Stable diffusion 1.5
Standard Control Net 1.1 modelThere are three standard models, LARGE / MEDIUM / SMALL respectively. Download according to your own VRAM.
- 🔗LARGE: These models are published by the author of ControlNet. Each model is 1.45 GB. Download the yaml file of the model you want to use in the same location.
- 🔗MEDIUM: This model is published by the author of ComfyUI. half the size of LARGE, with a model size of 723 MB. Download the file named “control_v11e_sd15_xxxx”.
- 🔗SMALL: Here is another model released by the author of ComfyUI. Each model is quite lightweight at 136 MB. Download the file named “control_lora_rank128_v11e_sd15_xxxx”.
🔗sd_control_collection: This model is introduced by the official. Basically, the model for SDXL is placed, but you can download the sd1.5 model of recolor/ip-adapter.

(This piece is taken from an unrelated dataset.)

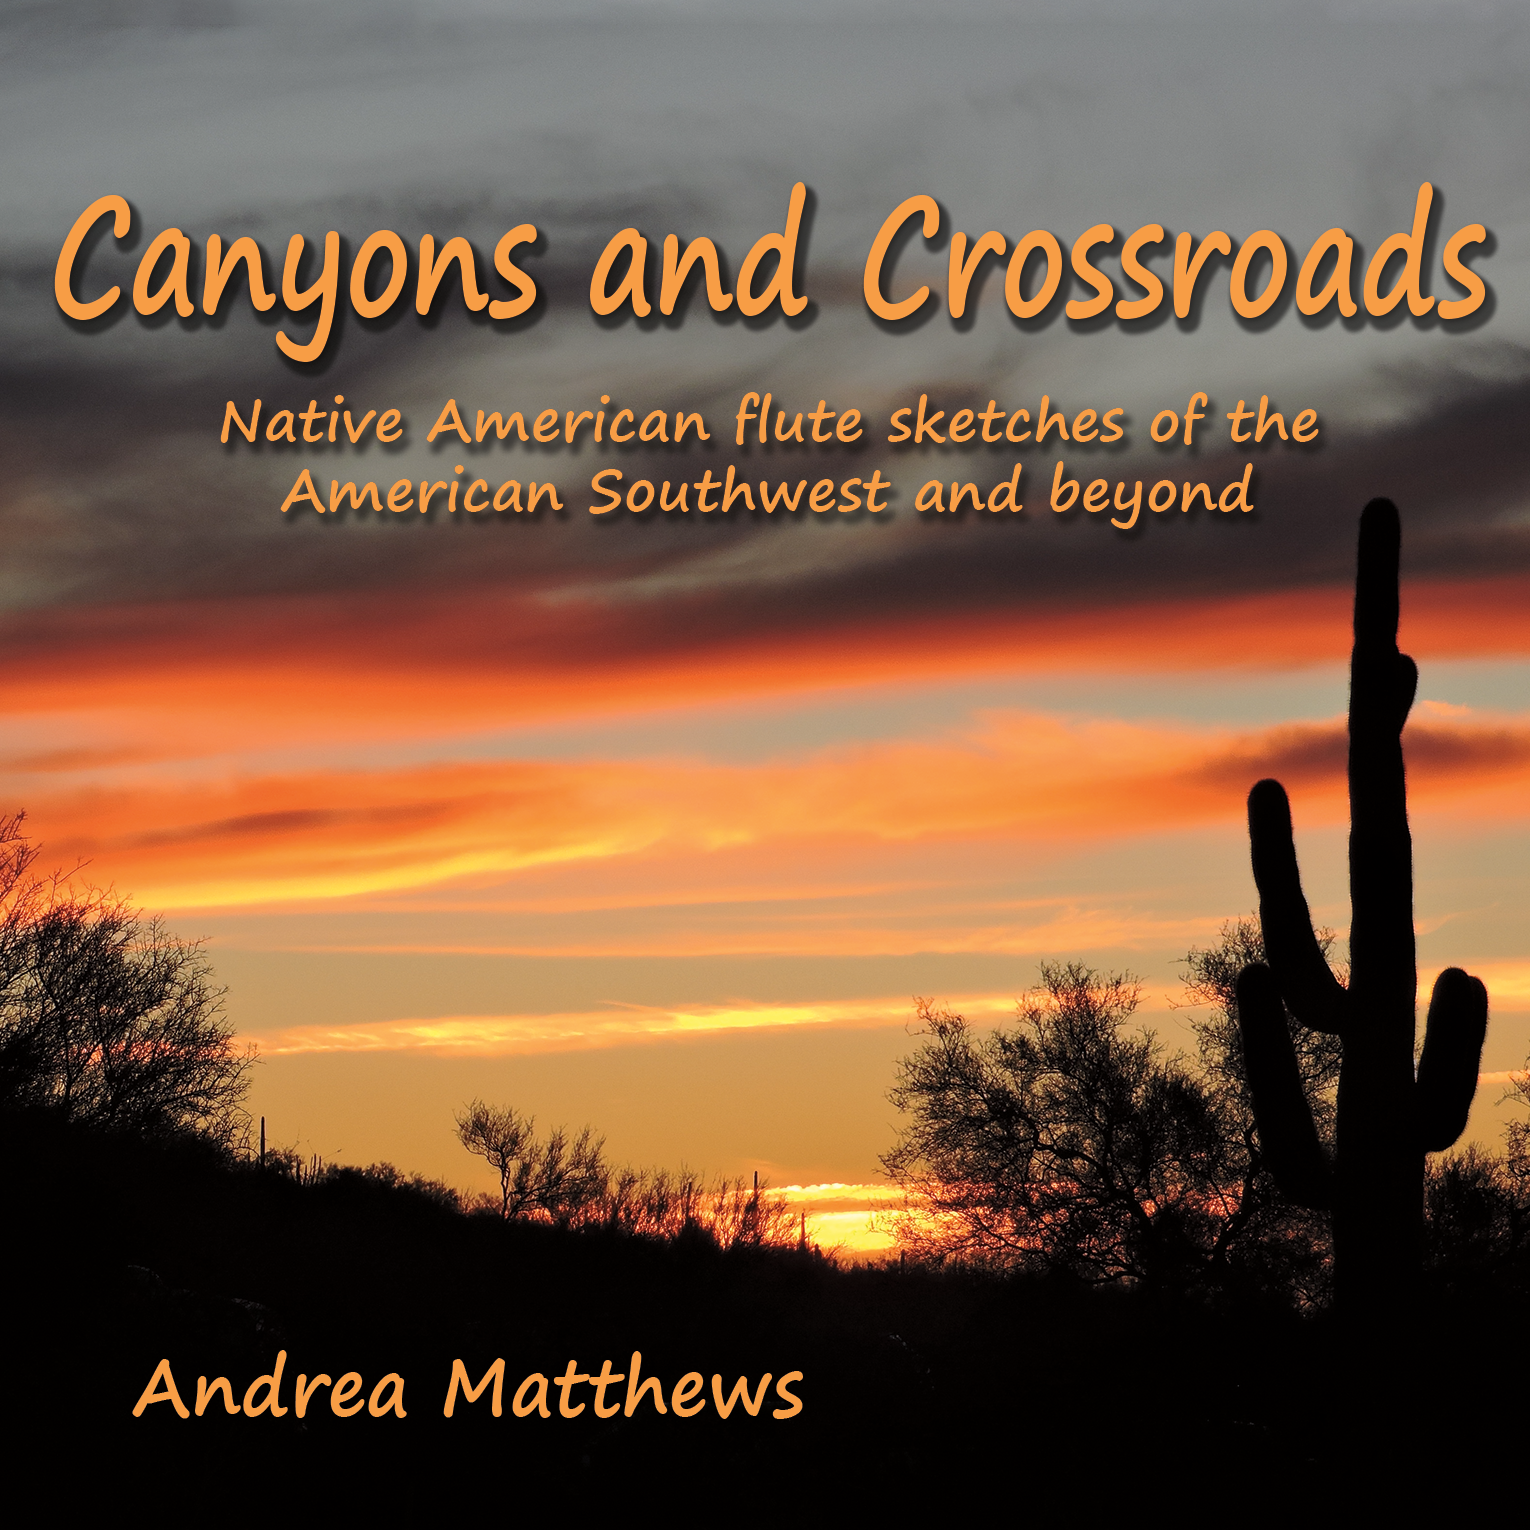 Canyons and Crossroads - Native American flute music CD

ControlNet++ControlNet++ is more accurate than the standard model.
- 🔗LARGE (fp32): There are canny/depth/hed/lineart/seg models. Download each model (1.45GB) and rename it from diffusion_pytorch_model. Example: controlnet++_canny_sd15_fp32
- 🔗MEDIUM (fp16): There is a canny/depth/hed/lineart/seg model.
Stable diffusion XL
If you want to use ControlNet with SDXL, download the model below.
- 🔗sd_control_collection: This model is introduced by the official.

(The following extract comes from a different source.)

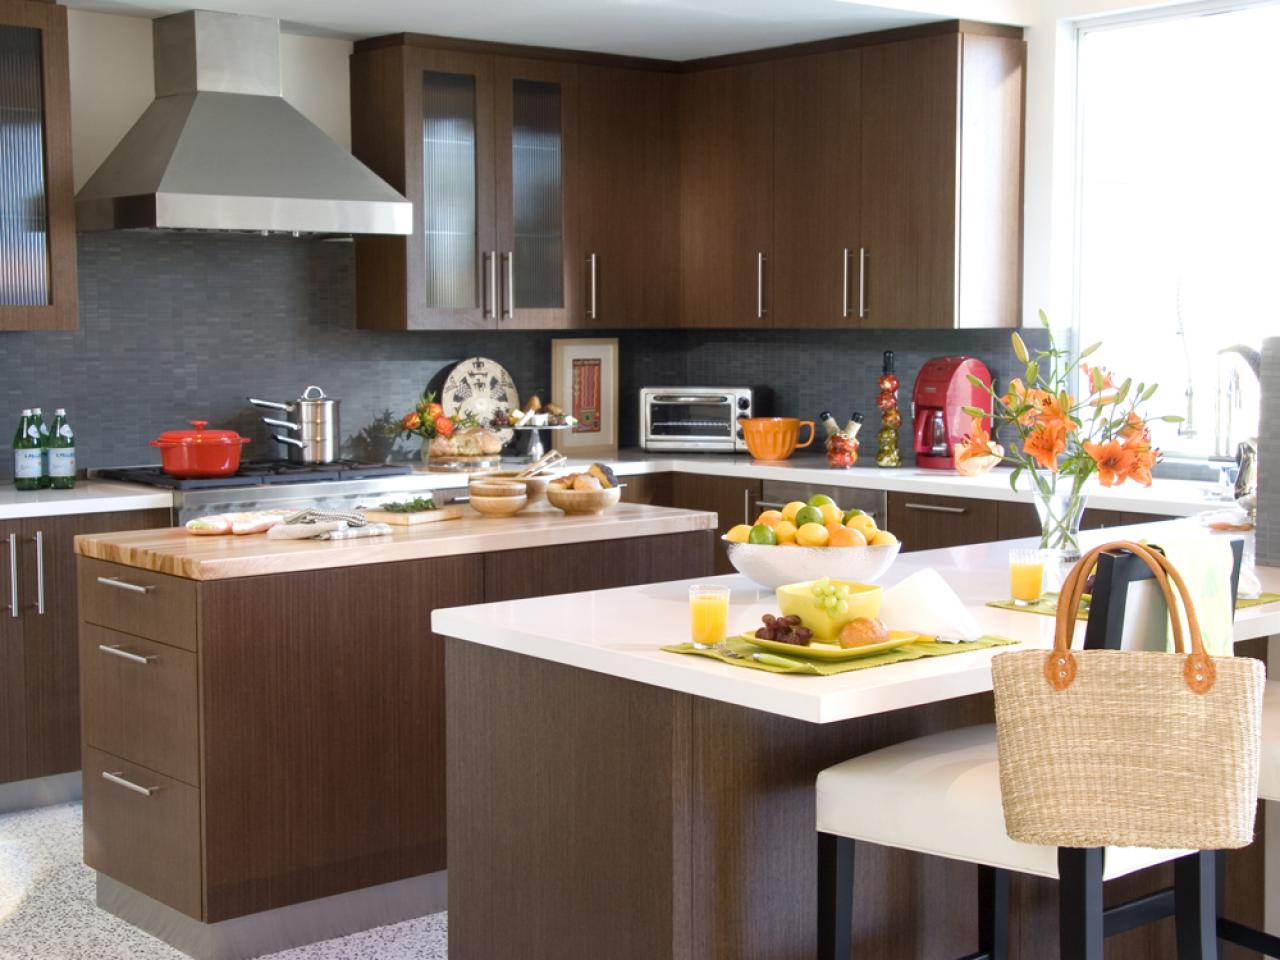 Kitchen Cabinets Pictures, Affordable Contemporary Kitchen Cabinets

- 🔗qinglong_controlnet-lllite: This model is published by qinglongshengzhe.
- 🔗TTPLanet_SDXL_Controlnet_Tile_Realistic: The model will be for Tile published by ttplanet.
- 🔗iroiro-lora: This is a test model for the control net published by 2vXpSwA7.
- 🔗MistoLine: You can download “mistoLine_fp16.safetensors”, a model published by TheMistoAI that is suitable for detecto-mapping of line systems such as Canny/Lineart/SoftEdge.
- 🔗kataragi’s HF page: You can download models for Inpaint/Recolor/Lineart/Line2color by kataragi.
- 🔗xinsir’s HF page: You can download models for Canny/Openpose/Scribble/Scribble-Anime by xinsir.
IP-Adapter anime
Basically, IP-Adapter’s inputs are suited for real images, and illustrations do not give good results. The following model will produce illustrations that are relatively close to the inputs.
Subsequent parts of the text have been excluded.